Его маменька Таисья Павловна оказалась единственной женщиной, которой портретик досадил. Художник словно предчувствовал, что так получится, и долго отказывался ее писать, но уж больно она приставала: “Как тебе не совестно, сынок, — тянула жалобным голоском. — Всех своих мымр и гагарок перерисовал, а на родную матушку краску пожалел. Да зачем же я тебя рожала в муках и страданиях?” Сомнения в надобности давних родов возникали у Таисьи Павловны постоянно, художник к ним привык, но иногда все же расстраивался. Так было и в тот злосчастный день, когда он взялся за ее портрет. Он его склепал, как обычно, обыкновенным карандашиком за двадцать минут, и еще столько же потребовалось Таисье Павловне, чтобы в портретик вглядеться и по достоинству его оценить. После чего она объявила сыну, что этого никогда ему не простит. Разрывая портрет на клочки, она выразила наконец твердую уверенность, а не сомнение, что напрасно приняла муки в родильном доме в одна тысяча тридцать девятом году…
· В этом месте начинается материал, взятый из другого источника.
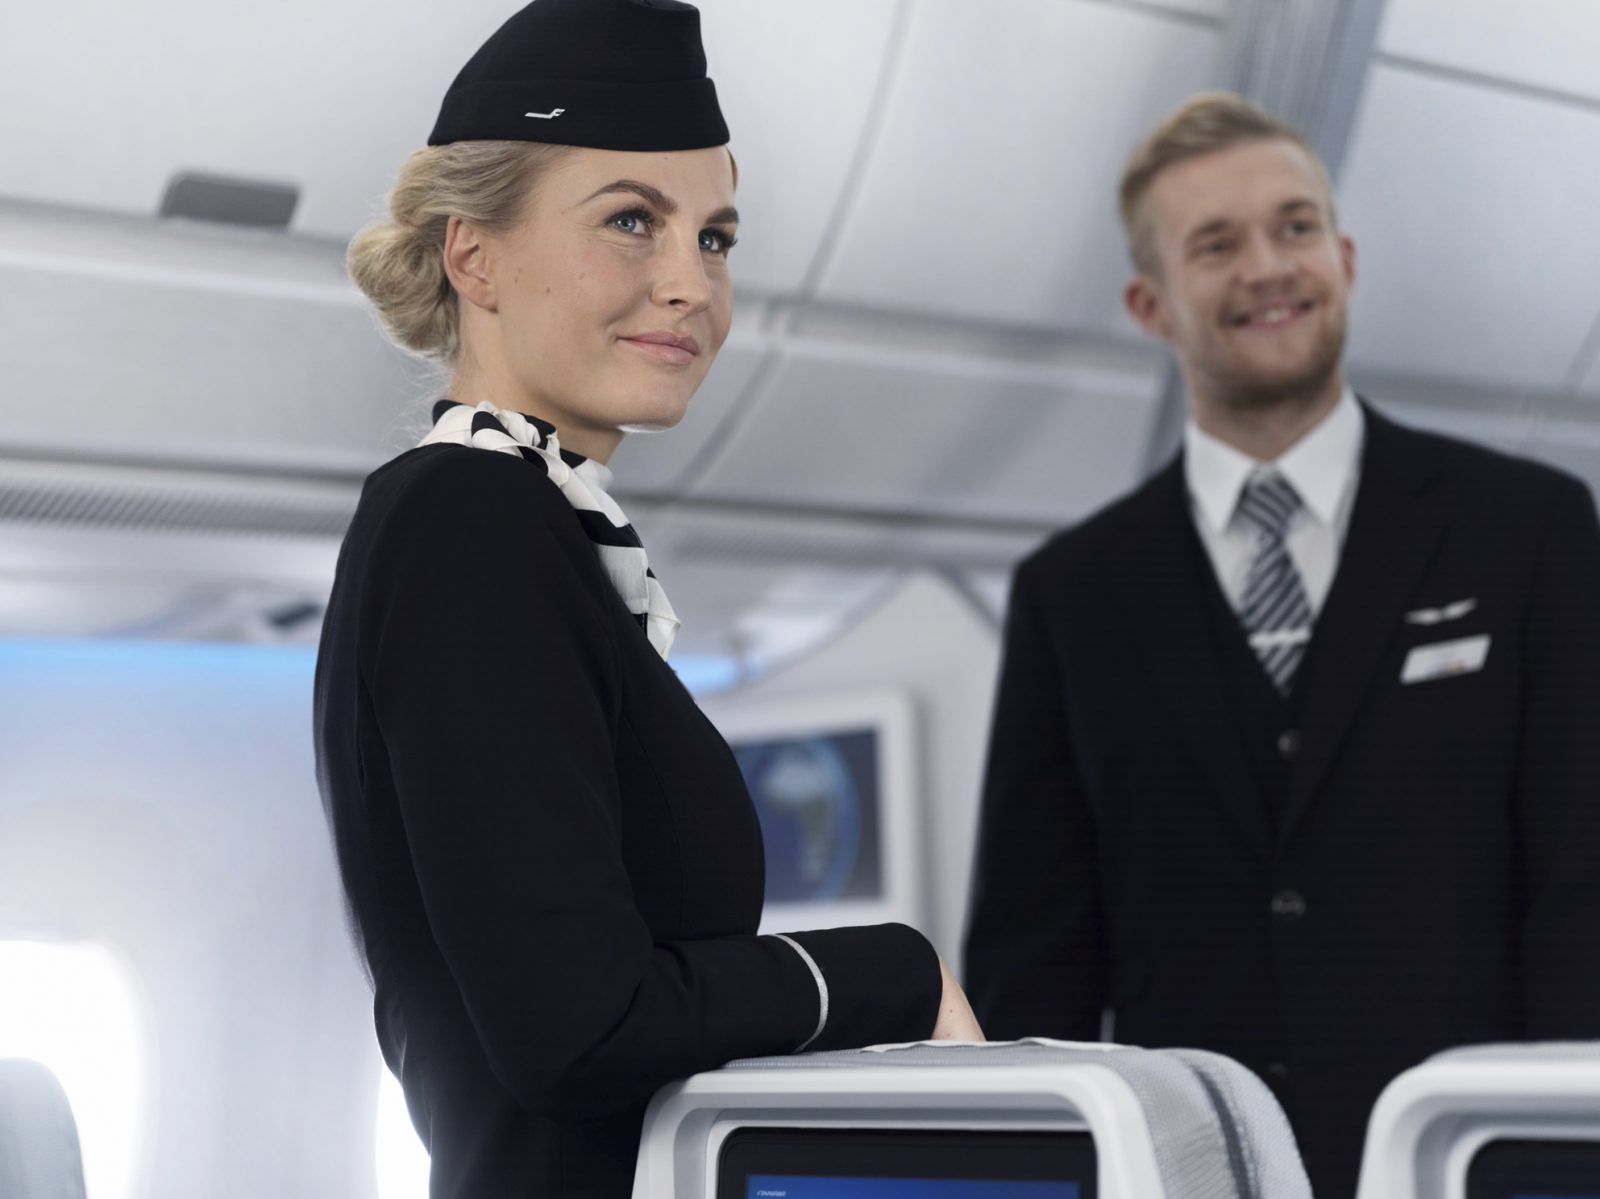 Should Tipping Flight Attendants Be the Norm? We Asked Airline
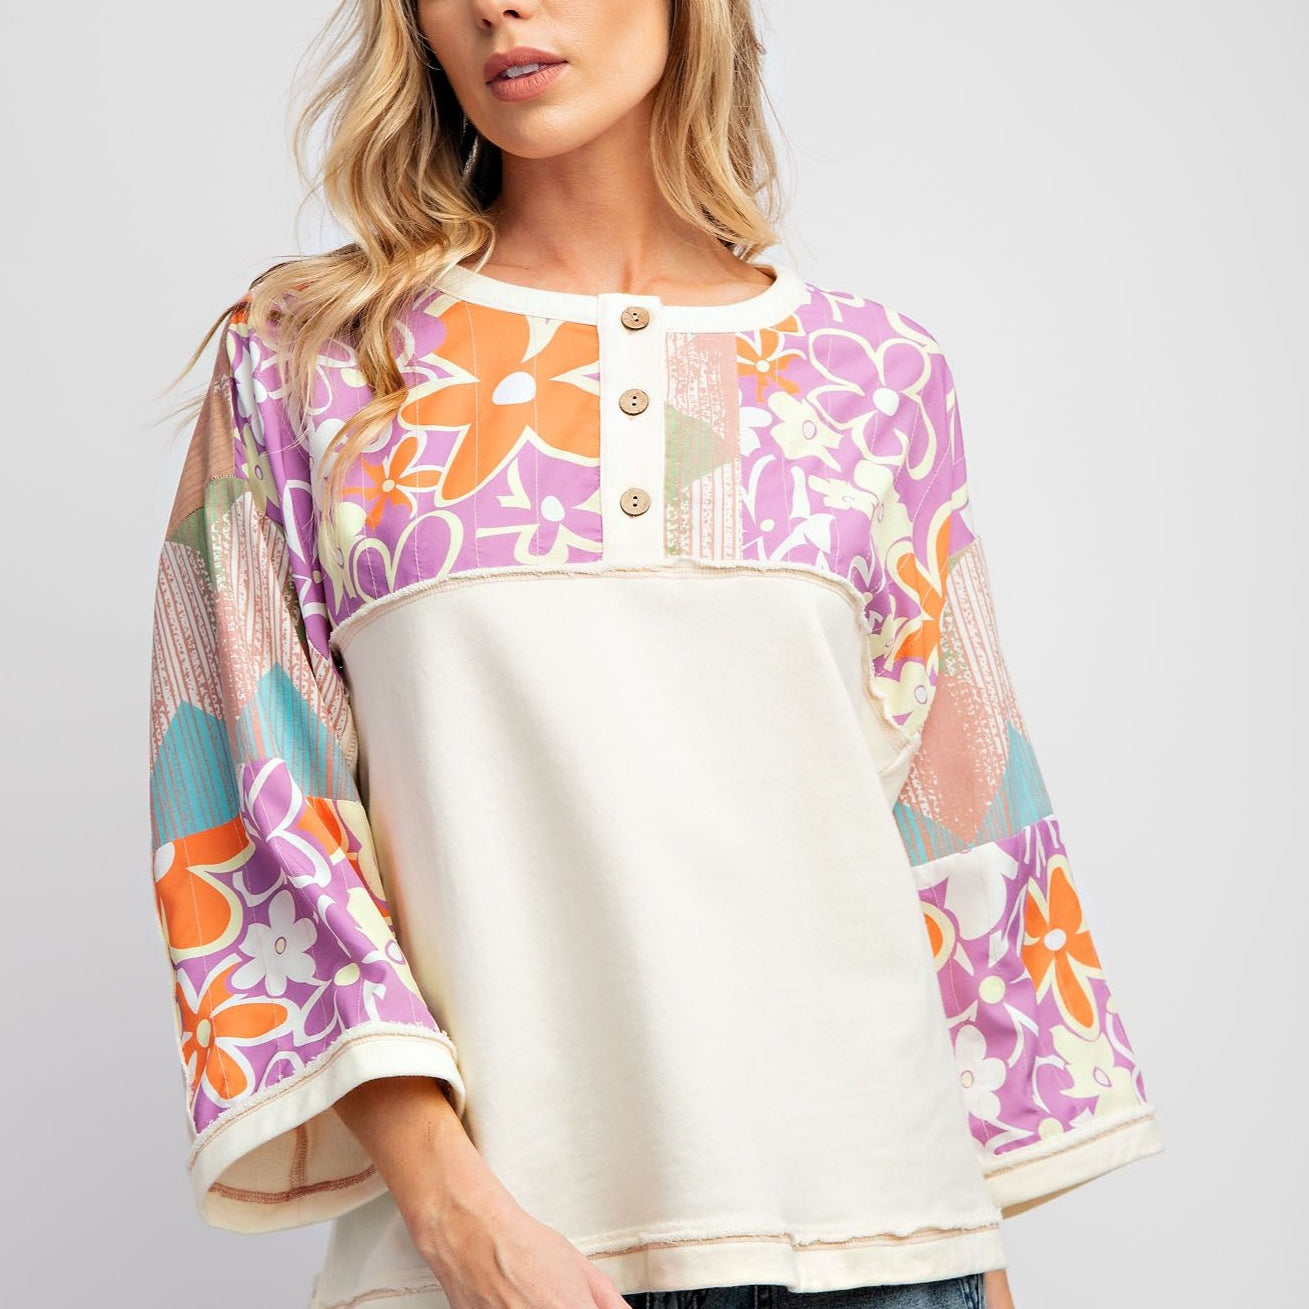 Flower Power Terry Knit Henley Top by Easel - Ivory - Regular-Apparel-Easel-LouisGeorge Boutique, Women’s Fashion Boutique Located in Trussville, Alabama
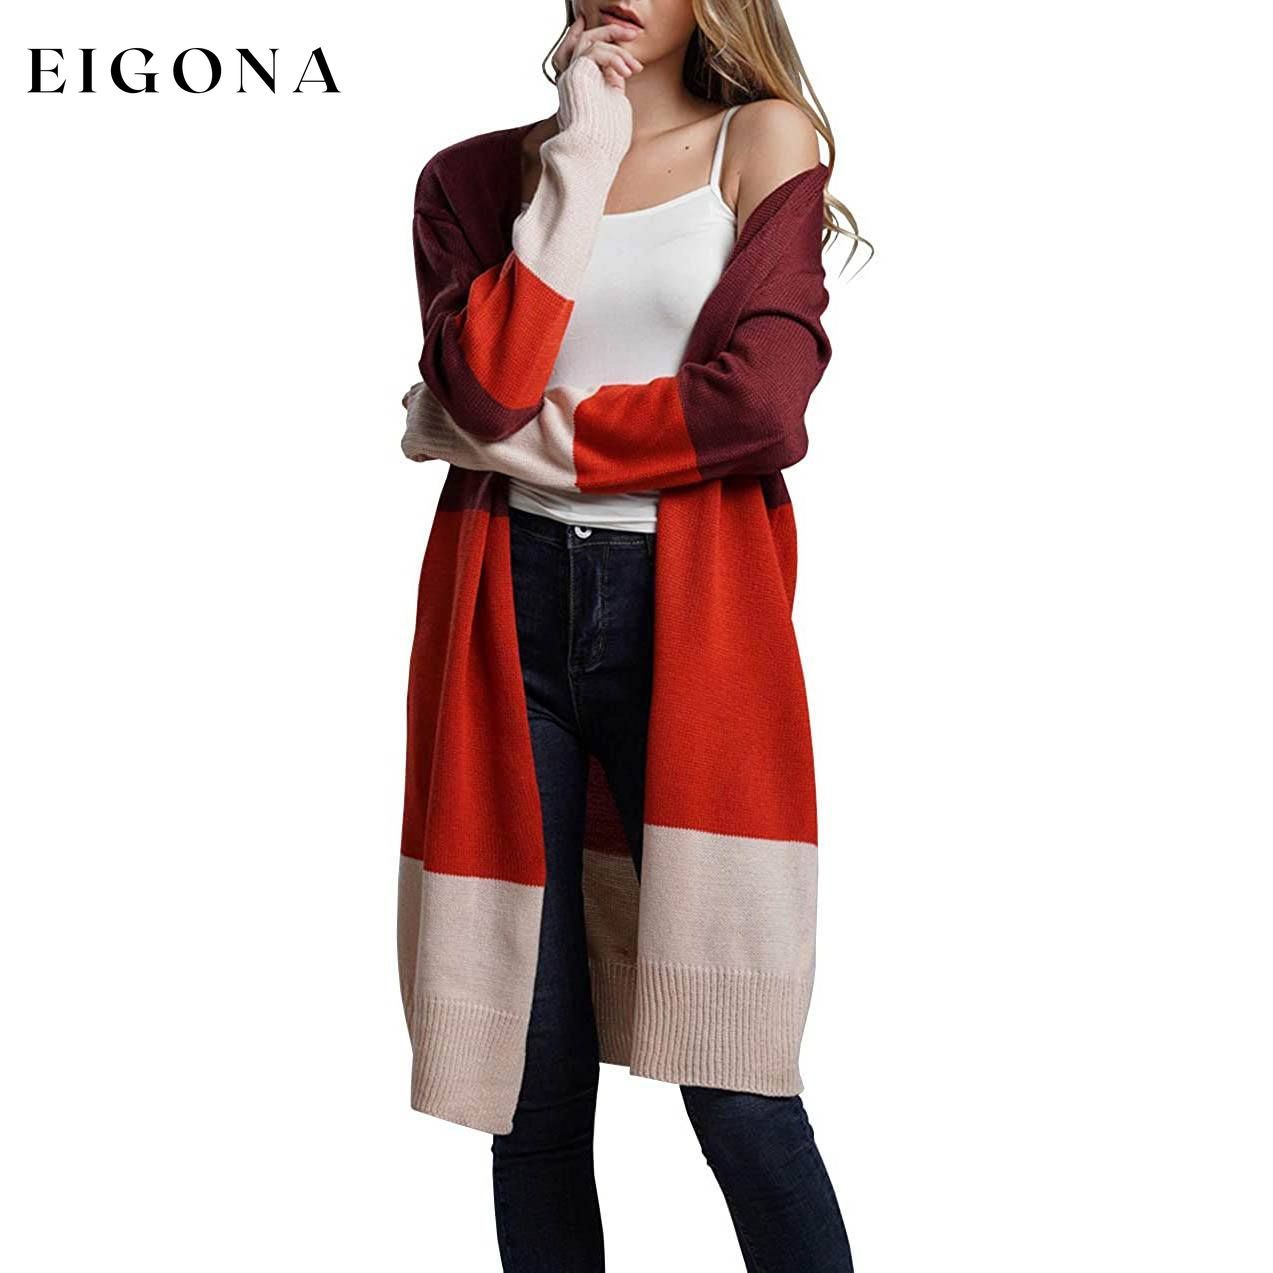 Women's Long Cardigan Sweater Coat Orange __stock:500 Jackets & Coats refund_fee:1200 show-color-swatches
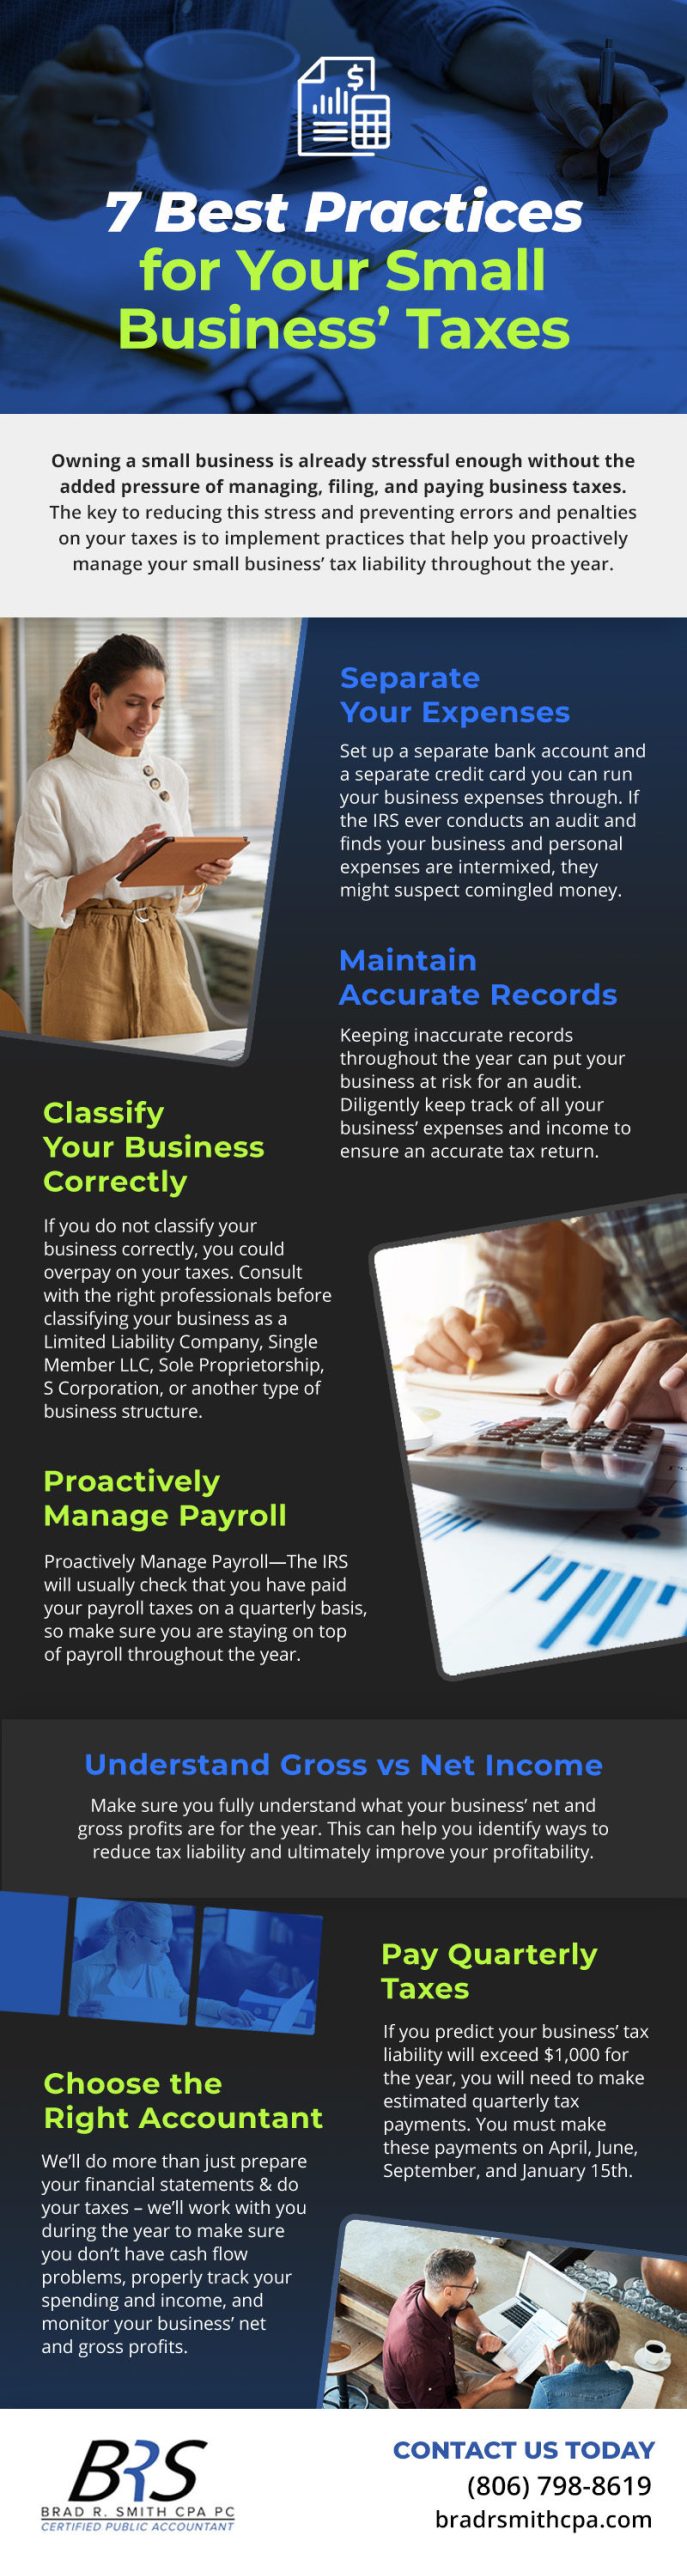 7 Best Practices for Your Small Business’ Taxes [infographic]
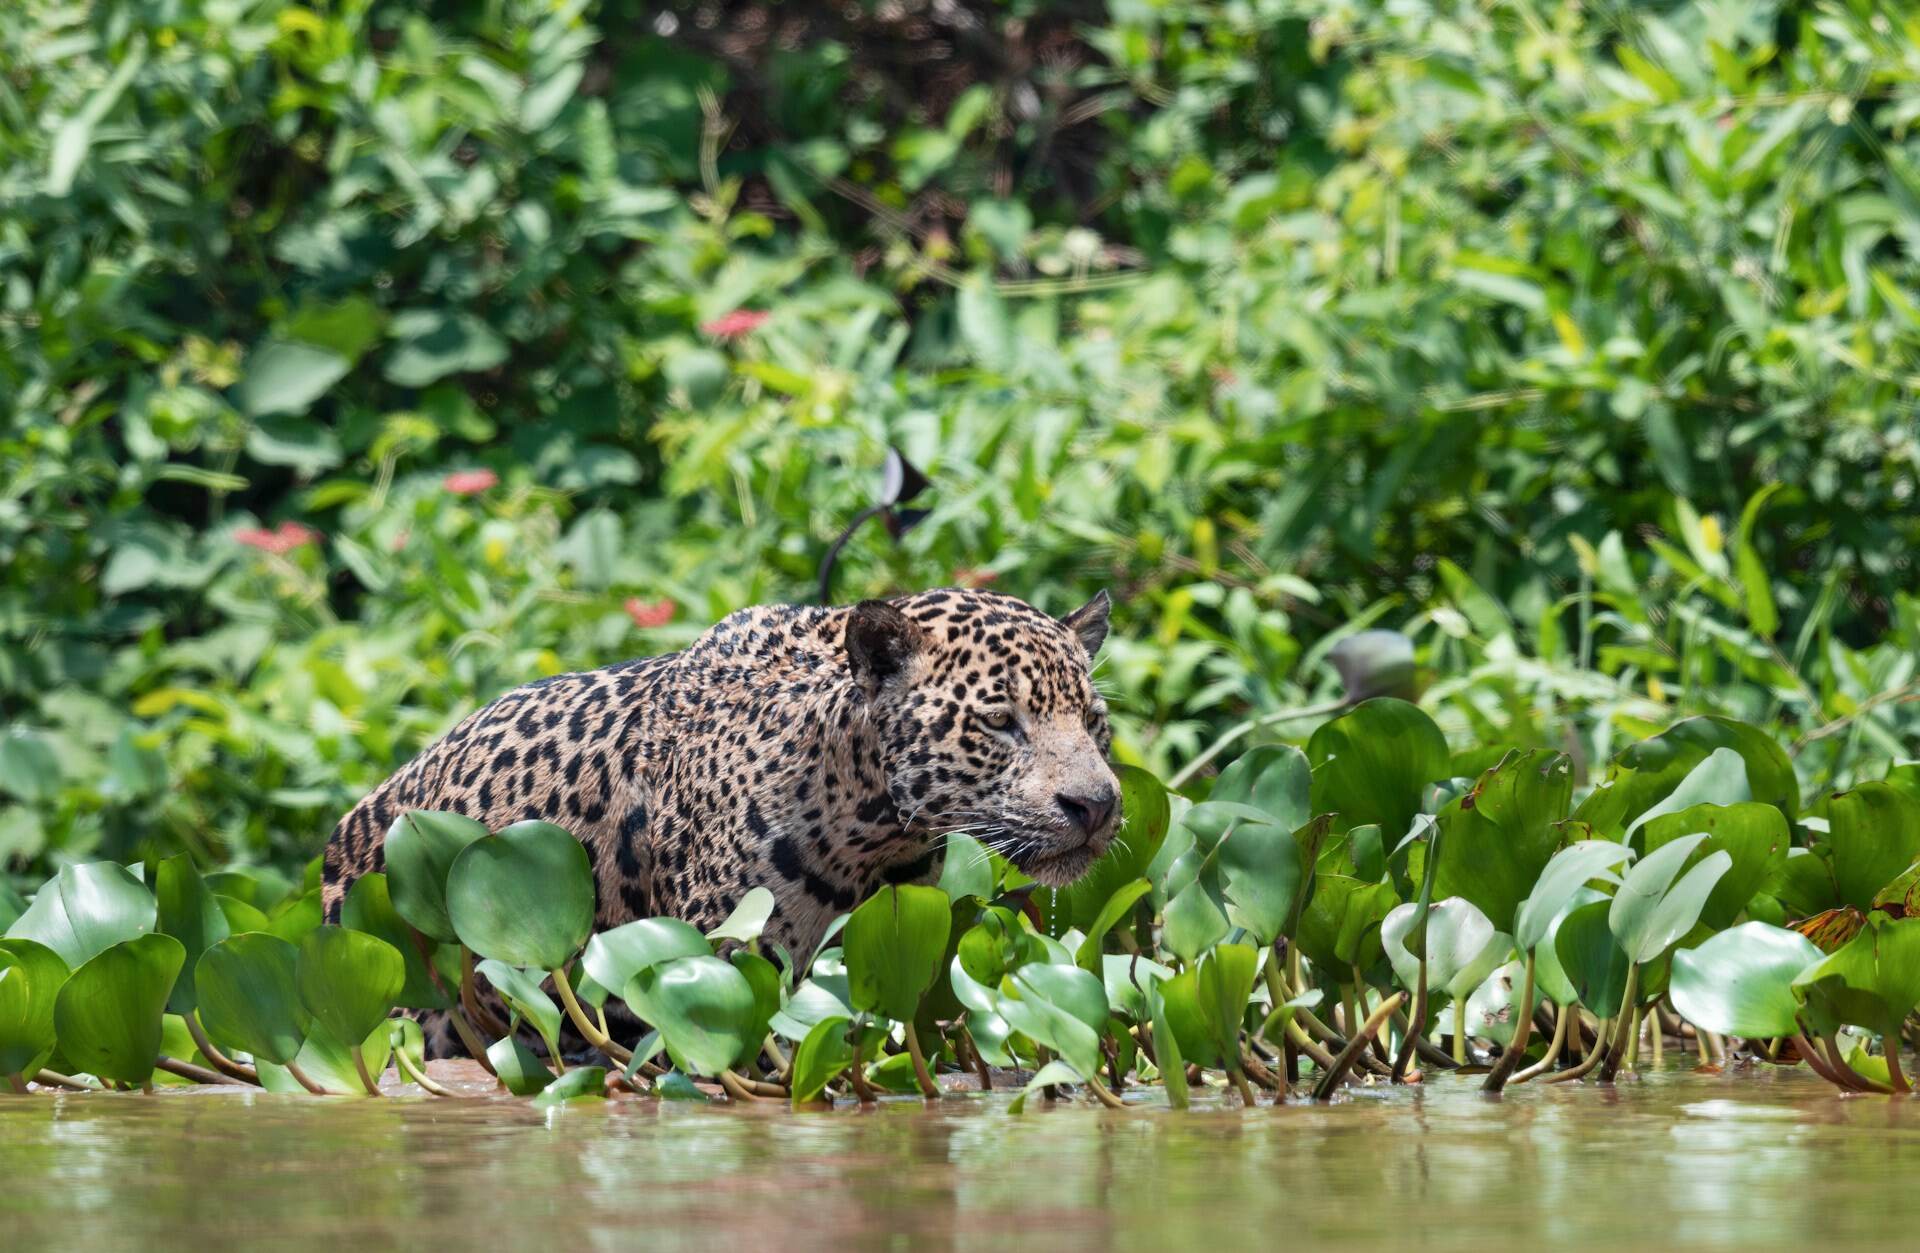 A jaguar swimming in a lake filled with plants

Распри между ними возникали частенько, но надо заметить, Вадим Захарович любил мать нежной и преданной любовью, хотя это давалось ему нелегко. Таисья Павловна была старуха вздорная, с уклоном в изуверство. Ей особенно нравилось прикидываться казанской сиротой при посторонних. В те редкие вечера, когда к художнику являлись гости, она давала волю своим извращенным наклонностям и актерскому таланту. В самый разгар мирного застолья выныривала из своей комнаты, облаченная в рваный халат (подобный тому, какие в исторических фильмах из восточной жизни носят бедные кочевники), с какой-то черной тряпкой на голове и, стеная, обращалась к сыну:
— Ты меня не будешь бить, Вадичек, если я возьму кусочек хлебушка? Я ведь третий день не кушаю.
Кто первый раз эту сцену видел — те вздрагивали, а остальные наслаждались. Один Вадим Захарович горевал:
— Мама, ну как тебе не надоело? Что о нас люди подумают!
— Дак а чего ж, Вадичек, нам людей стыдиться? Я сама понимаю, что тебе в обузу. Моей пенсии — тебе на день-два хватает, а больше чего с бесполезной старухи взять. Продать мне, горемычной, боле нечего. Ты ведь последнее колечко давеча в ломбард заклал.
Художник дико озирался, ища у гостей защиты. Да где ее найдешь в нашем мире. Любопытная подробность: коварную старуху все быстро разгадывали и следили за ее выходками, как за представлением в театре, а вот Вадим Захарович горячился всерьез, и всерьез ей возражал, и до слез обижался. Была в нем такая детская, наивная жилка, что тоже, должно быть, притягивало к нему женские сердца.
Детей у него не было, это точно, а жена когда-то была.
И он так о ней отзывался:
— Она убила меня своей ревностью.
Убитый, он был жив-живехонек, а вот куда его супруга подевалась — неизвестно. Он так объяснял:
— Съехала однажды… Я ей для ревности повода не давал, ты меня знаешь. Ну, бывают увлечения, но это же понарошку, так — расширение круга чувственных знаний. Для художников это важно. Ты можешь сказать — пошлость, но что поделаешь, раз у меня так организм устроен. В работе доходишь до полного истощения, до маразма, до тяжелейшей депрессии — тут спасение только в каком-нибудь галлюцигене. Для одних — это водка, путешествия, развлечения. Для меня — женщина. Я в нее погружаюсь с головой, черпаю в ней силы. Я ею насыщаюсь. Я ее пожираю. Но все это так невинно, верно?